Hello everyone!
I’m looking for a solution regarding my phd research where i need to do some data wrangling, ie. transform my dataset into format suitable for graph/network analysis or to be more precise - make relationship from the data based on the list of existing nodes and their temporal properties.
Anyways, I’ve written a cypher query where I’m loading my csv into a Neo4j DB and simultaneously updating “EndOfExport” column - whenever “X” is found, today’s date is inserted. Instead of today, i would like to know how to get the last day of the current month?
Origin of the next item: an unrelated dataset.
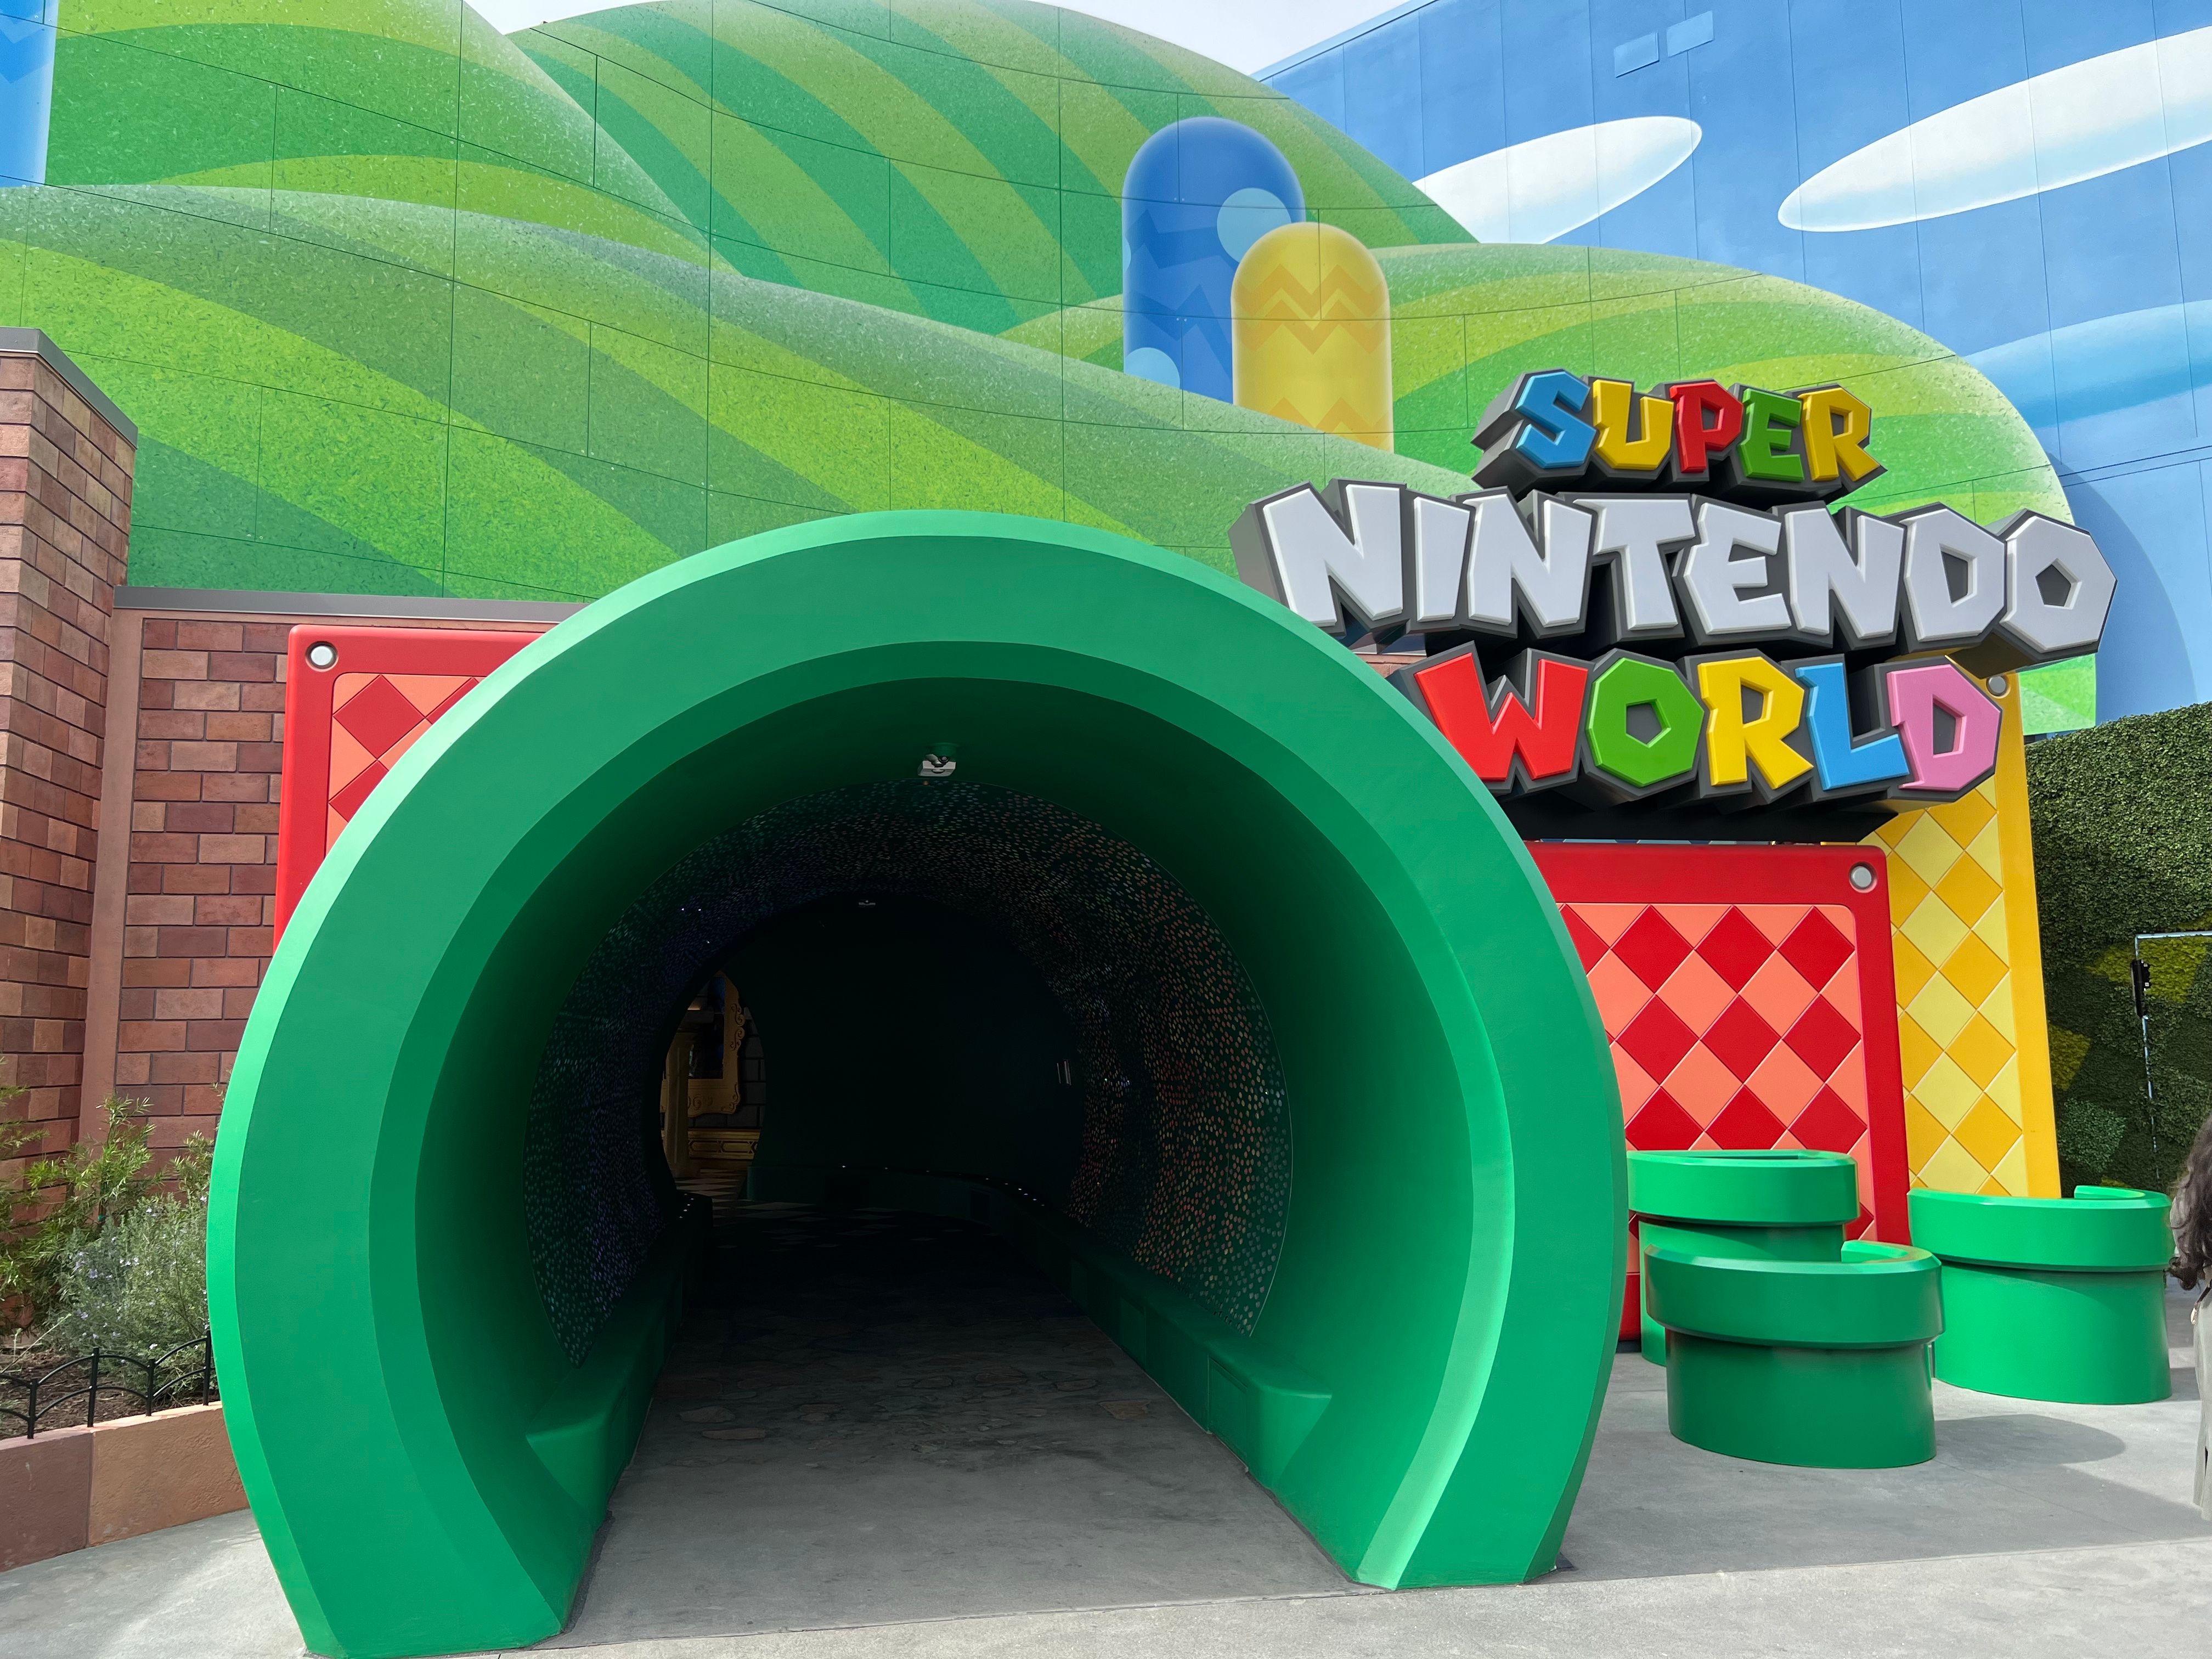 
Super Nintendo World Grand Opening

LOAD CSV WITH HEADERS FROM "file:///Test - input.csv" AS csvLine FIELDTERMINATOR ';'
CREATE (e:Country {CountryID: csvLine.CountryID, StartOfExport: date(csvLine.StartOfExport), EndOfExport: date(CASE csvLine.EndOfExport WHEN "X" THEN date() ELSE csvLine.EndOfExport END)})
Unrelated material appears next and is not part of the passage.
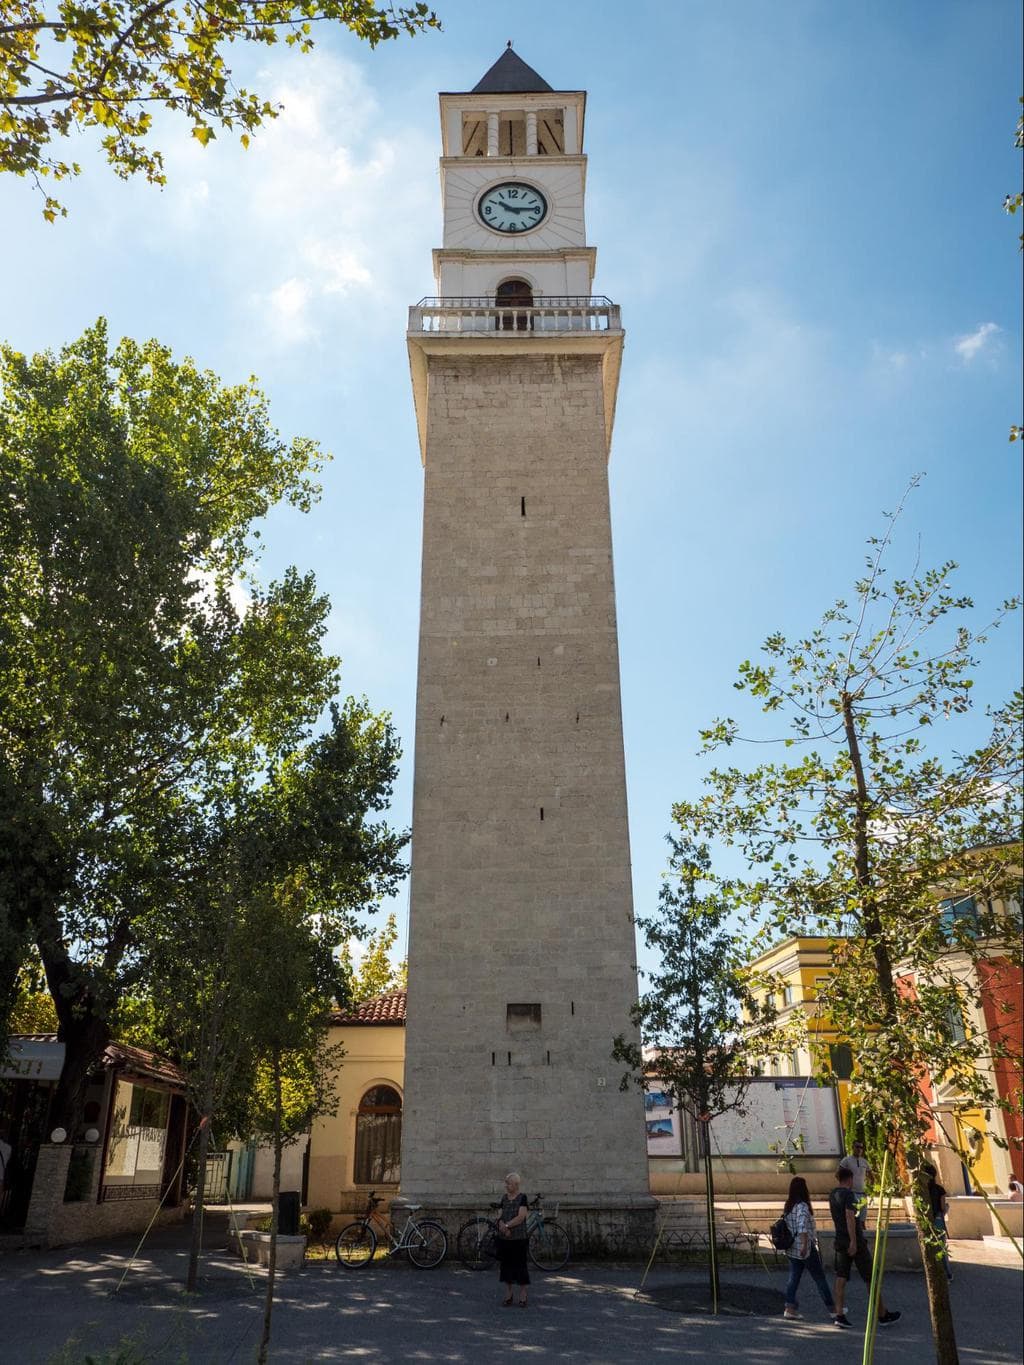 Tirana’s Clock Tower

Furthermore, the main question lies in the following: i want to create relationships between all the nodes (countries) who traded in the same period in time.
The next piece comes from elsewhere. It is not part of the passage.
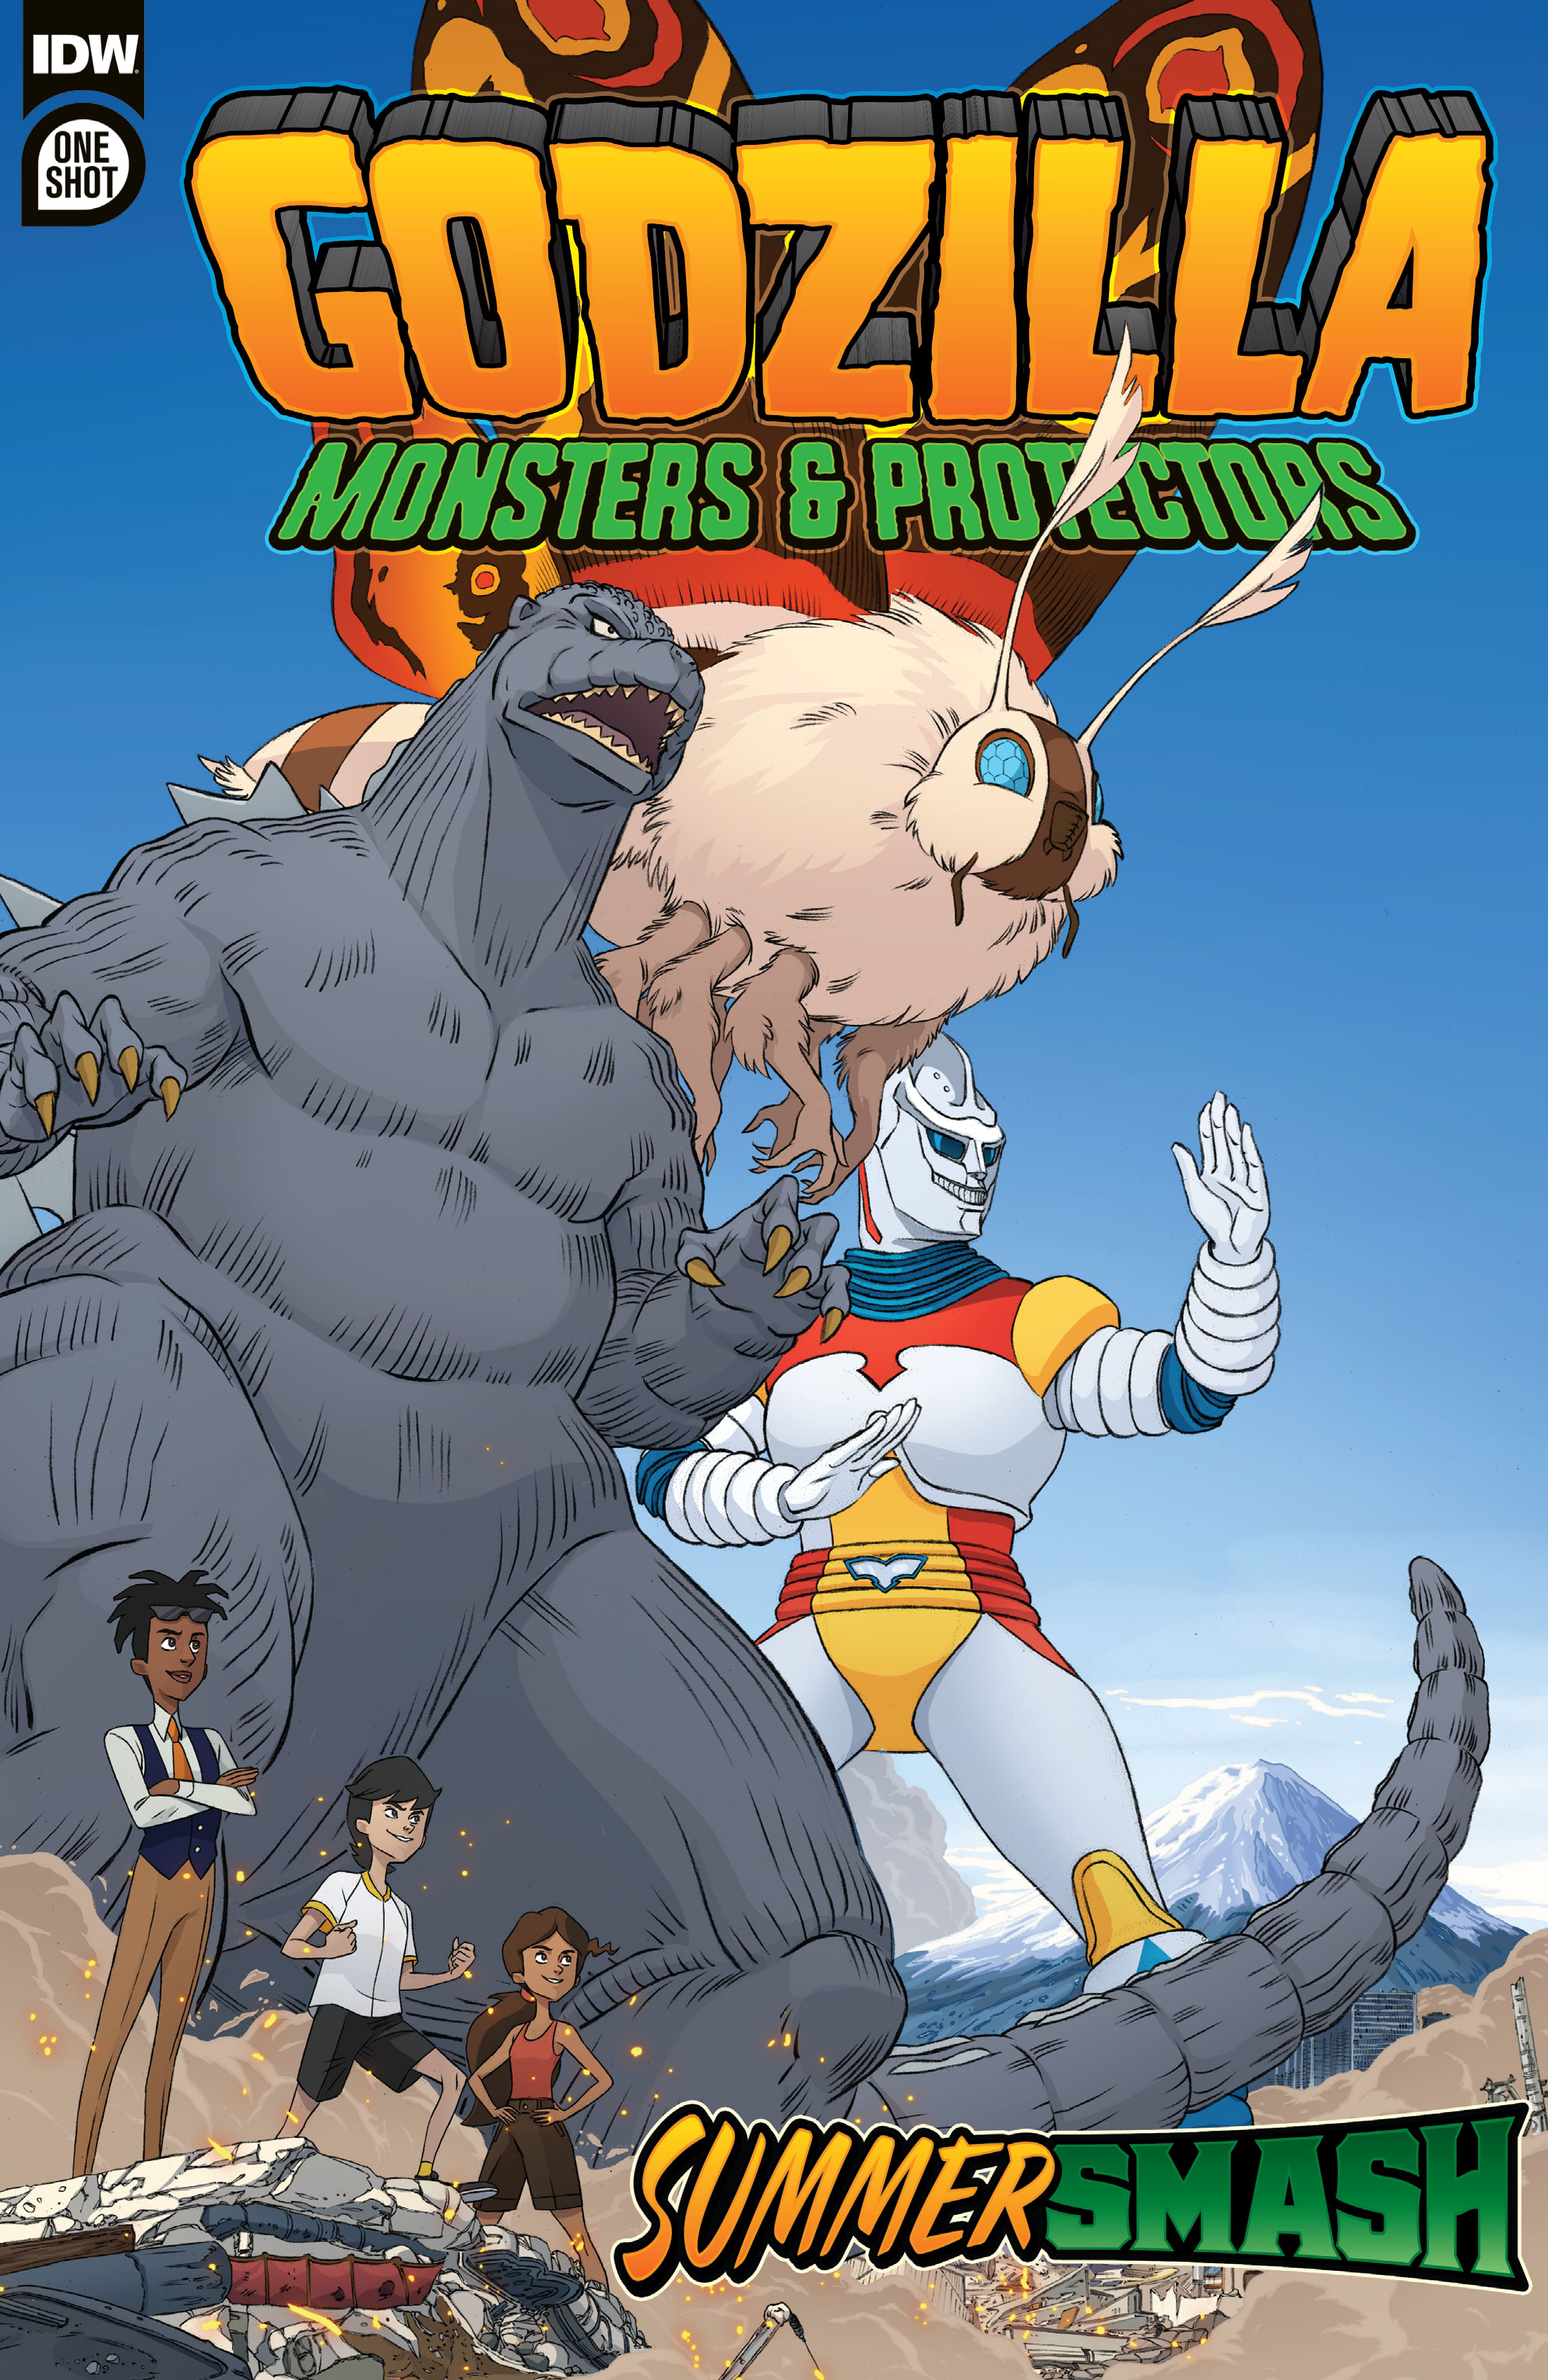 Read online Godzilla: Monsters & Protectors - Summer Smash comic -  Issue # Full - 1

That means that the following node list input
CountryID
StartOfExport
EndOfExport
55
2008-10-16
2014-01-31
47
2010-04-19
2014-09-15
73
2010-08-09
2022-07-18
61
2010-08-10
2013-04-30
should result in the following relationships:
CountryID_01
CountryID_02
StartOfExport
EndOfExport
55
47
2010-04-19
2014-01-31
55
73
2010-08-09
2014-01-31
55
61
2010-08-10
2013-04-30
47
73
2010-08-09
2014-09-15
47
61
2010-08-10
2013-04-30
73
61
2010-08-10
2013-04-30
That means that i need to do row by row comparison in the loop until the end of the table. Each iteration should start form the next row and make comparison with the each row until the end of table (top-bottom).
Comparison is based on the CountryID and i’m comparing
1.) StartOfExport of CountryID in the row X with the StartOfExport
of CountryID in the row X+1 where i need to take out the larger date;
2.) EndOfExport of CountryID in the row X with the EndOfExport
of CountryID in the row X+1 where i need to take out the smaller date;
The question is: should i do this kind of data wrangling before loading the data into Neo4j? In that case i would load separately both the node and relationship lists. Alternatively, is something like that possible to do with Cypher/APOC procedures and only while using the mentioned node list?
The ultimate goal would be to calculate centrality metrics in GDS for each year separately.
I’m working on a short notice so any advice/workflow would be very much appreciated!